In this Zazenchen section, a little further on, Dogen talks about the story of Basso and Nangaku. That’s the famous story of Basso sitting and sitting and not practicing. Why are you sitting so intensely? And Basso says, In order to become a buddha, and then we get the famous story of Nangaku sitting down and polishing the tile. What are you doing polishing the tile? I want to make a mirror out of it. You can’t make a mirror out of a tile by polishing it. How can you make a buddha by sitting?
Dogen zeroes in on this question of What is the purpose of doing zazen? He asks Nangaku: Are you expecting to make progress with zazen? Is there some other intention besides zazen? When you do zazen what is the intention? What is being actualized? Such points must be considered in great detail.
All of this is trying to clarify just sitting not as a means to an end like polishing a tile to become a buddha, but an expression of buddhahood. When we talk about just sitting, we’re not talking about anything that has to do with technique, such as sitting with a koan or counting your breath. That “just” is about seeing sitting as empty of intention or anything outside of itself.
We need to be able to go back to this first section, when he says Think non-thinking. I would say, Just think. Put it up next to Just sit. Our thinking is not something that is contaminating our mind. It’s not something we’re trying to get rid of. We’re letting it be there empty of intention. We’re letting thought just be thought, not something that we have to do anything about.
I thought of this also today in the context of our doing oryoki lunch, because you can get asked, why do we do oryoki? There’s a level at which you could imagine answering: We do it in order to practice concentration and meticulousness and the care of things. But that would make oryoki something again that we could do well or badly, and there’s no question we can see people doing it at that level, right? But we don’t do it in order to get good at it.
However, it is expressive and performative, like our zazen itself. In a sense, we allow ourselves to be expressed in our oryoki. We put ourselves on display, and it’s like our mind being on display. Some of our minds are a little messier than others. But the goal is not to have all the messy minds suddenly be neat and orderly. We do not need oryoki to be perfectly performed and choreographed any more than we need to have our minds be absolutely silent and calm and occasionally just full of compassionate thoughts.
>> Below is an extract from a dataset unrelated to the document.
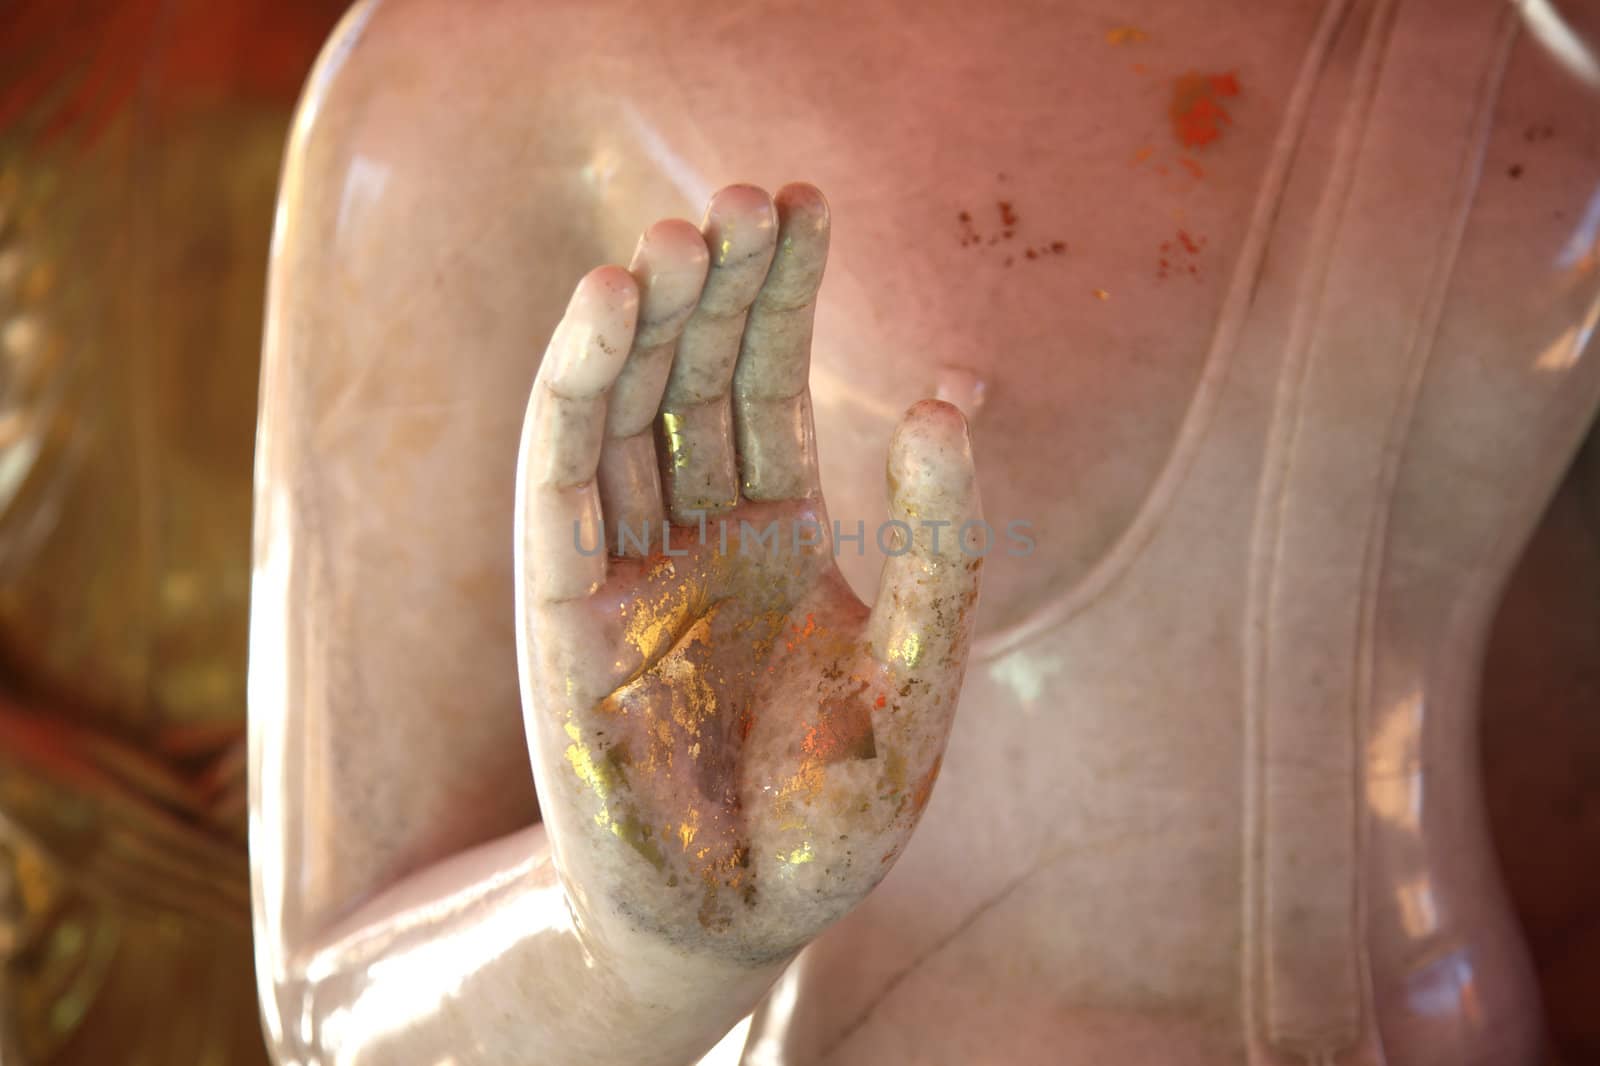 Buddha's hand raised one with gold plated - horizontal
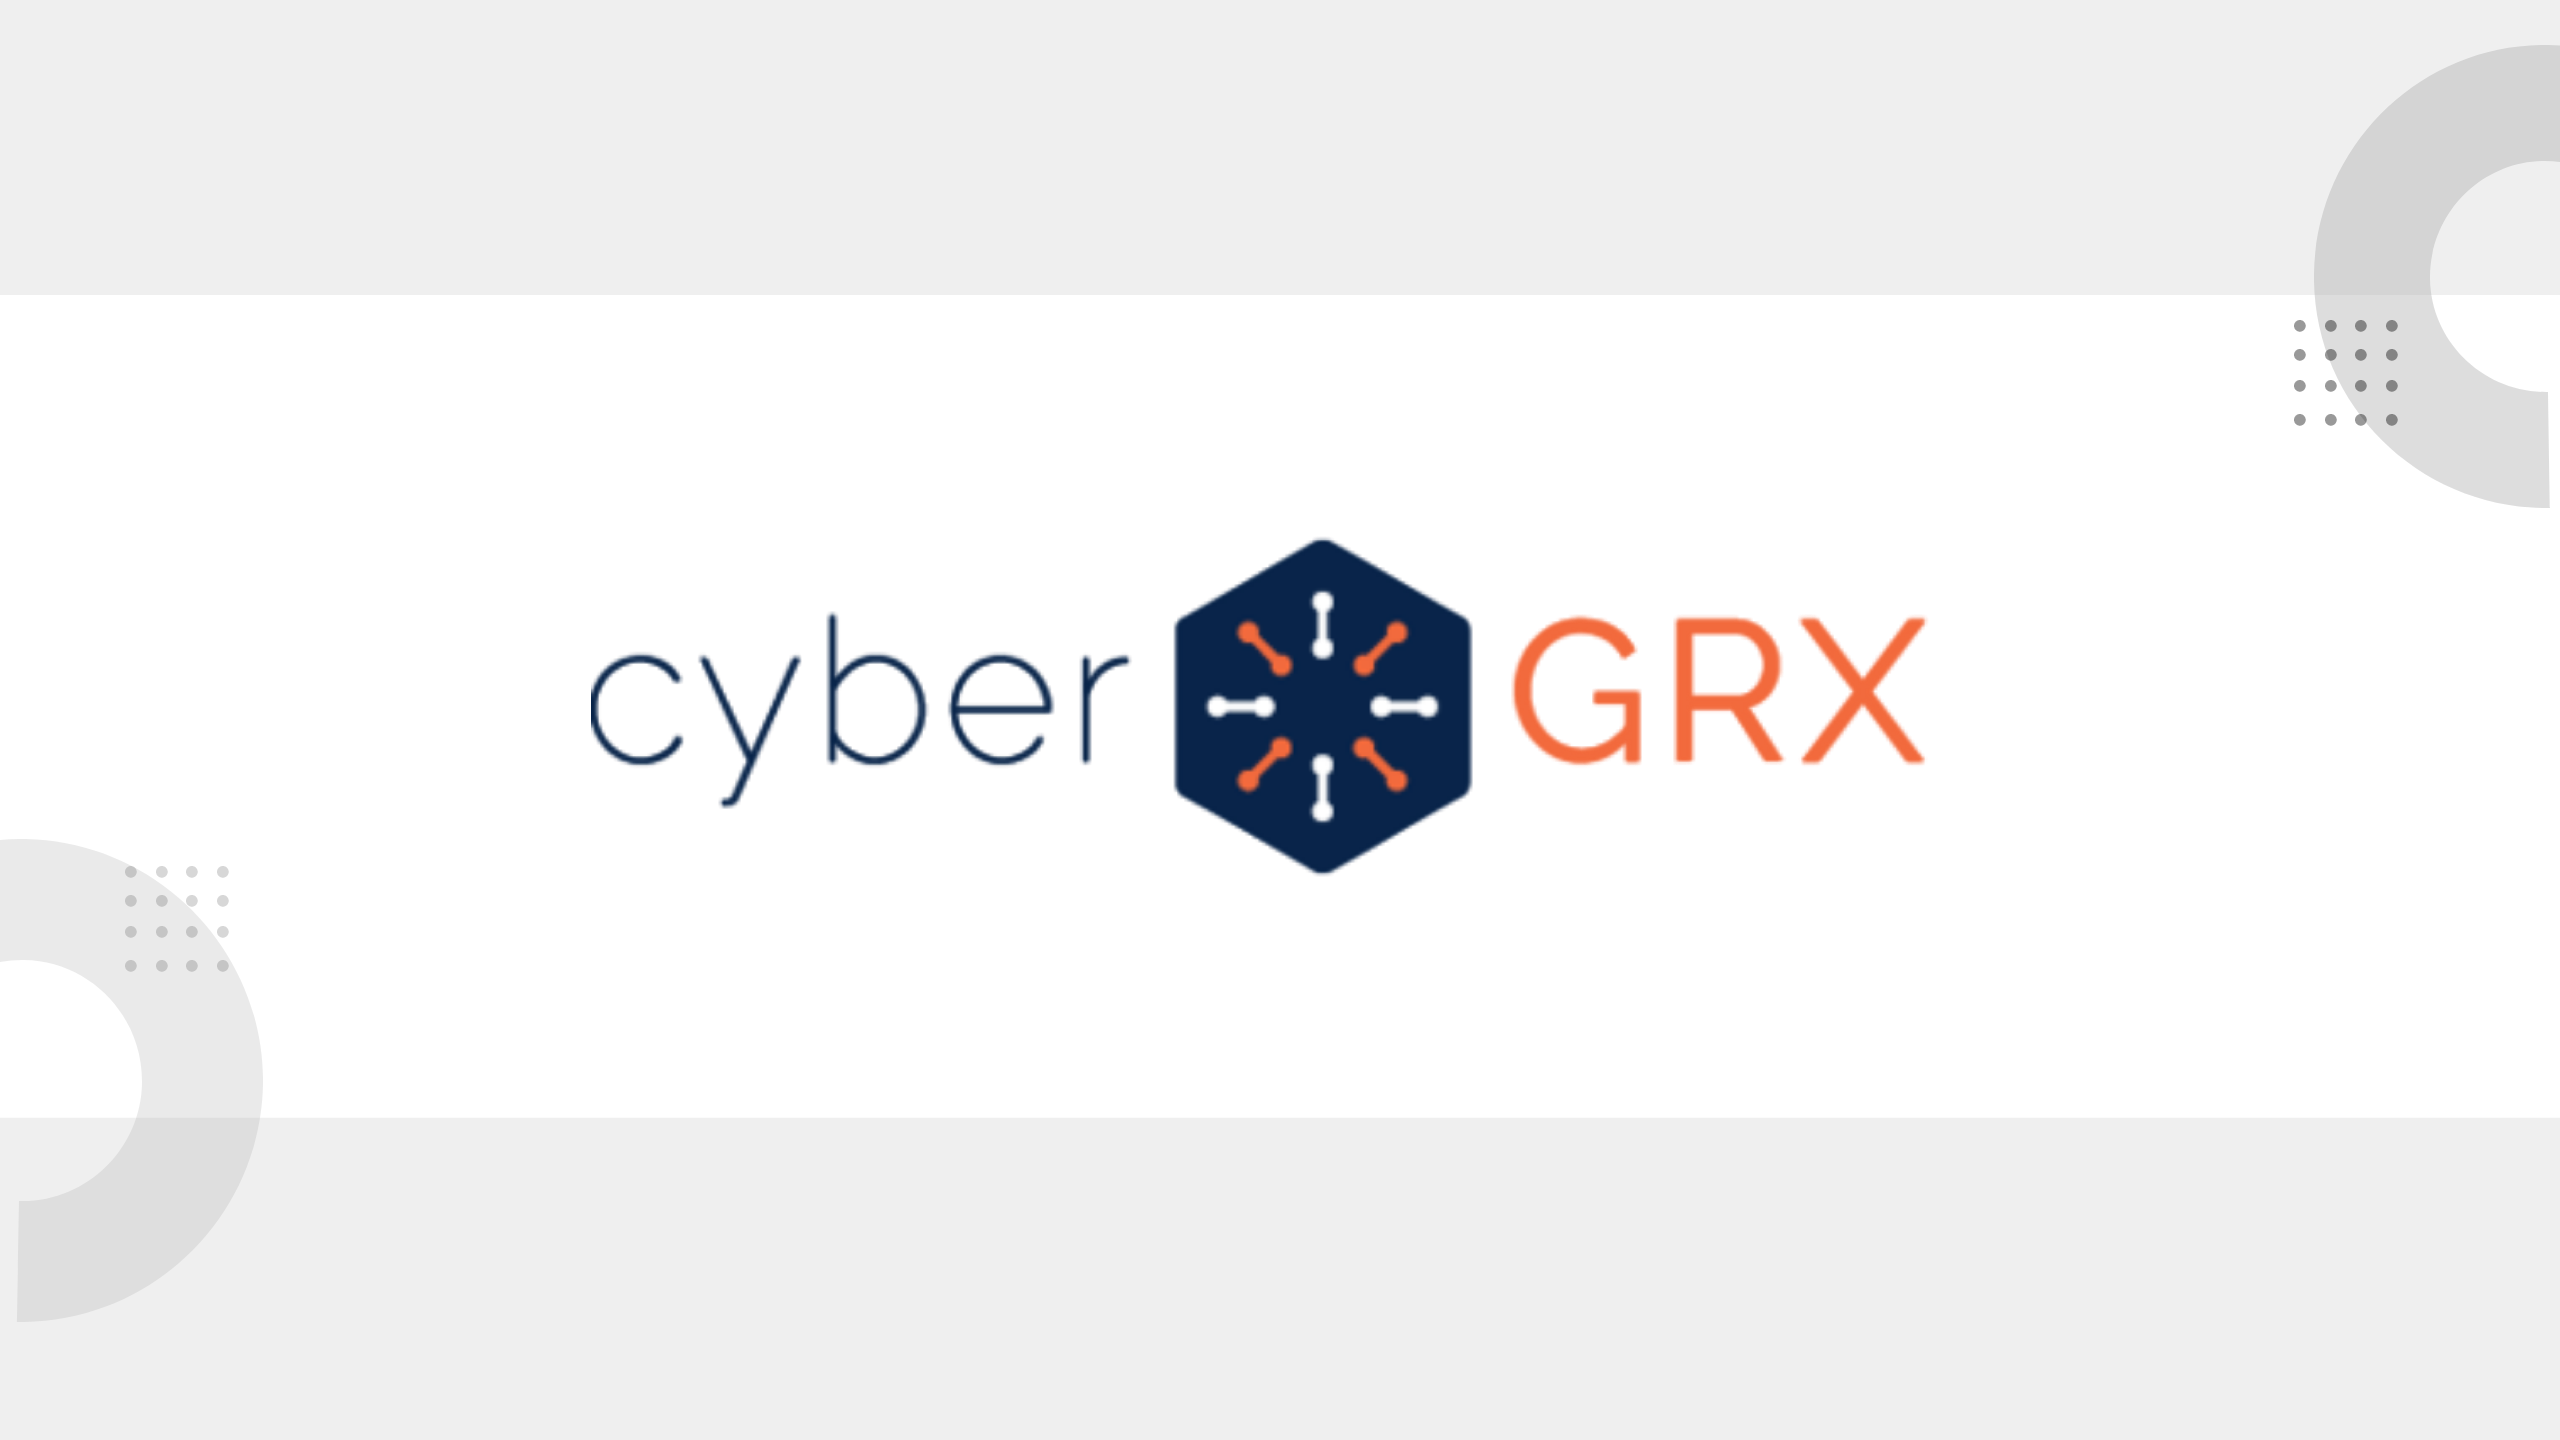 Cyber GRX

We’re not aiming for meticulous or pure content or perfect performance. In a sense we’re allowing ourselves to simply put ourselves out there, very literally with oryoki, and tolerate it, to do it without judgment and comparison and intention and goals. At the same time we’re trying to get everything correct, the same way as we sit in the zendo we sit without moving or fidgeting or making distractions for other people. This word “Just”: just sitting, just thinking, just doing oryoki, is allowing each thing to be just what it is and to allow it to be a vehicle by which we express ourselves moment after moment, and when we express ourselves, we express the dharma.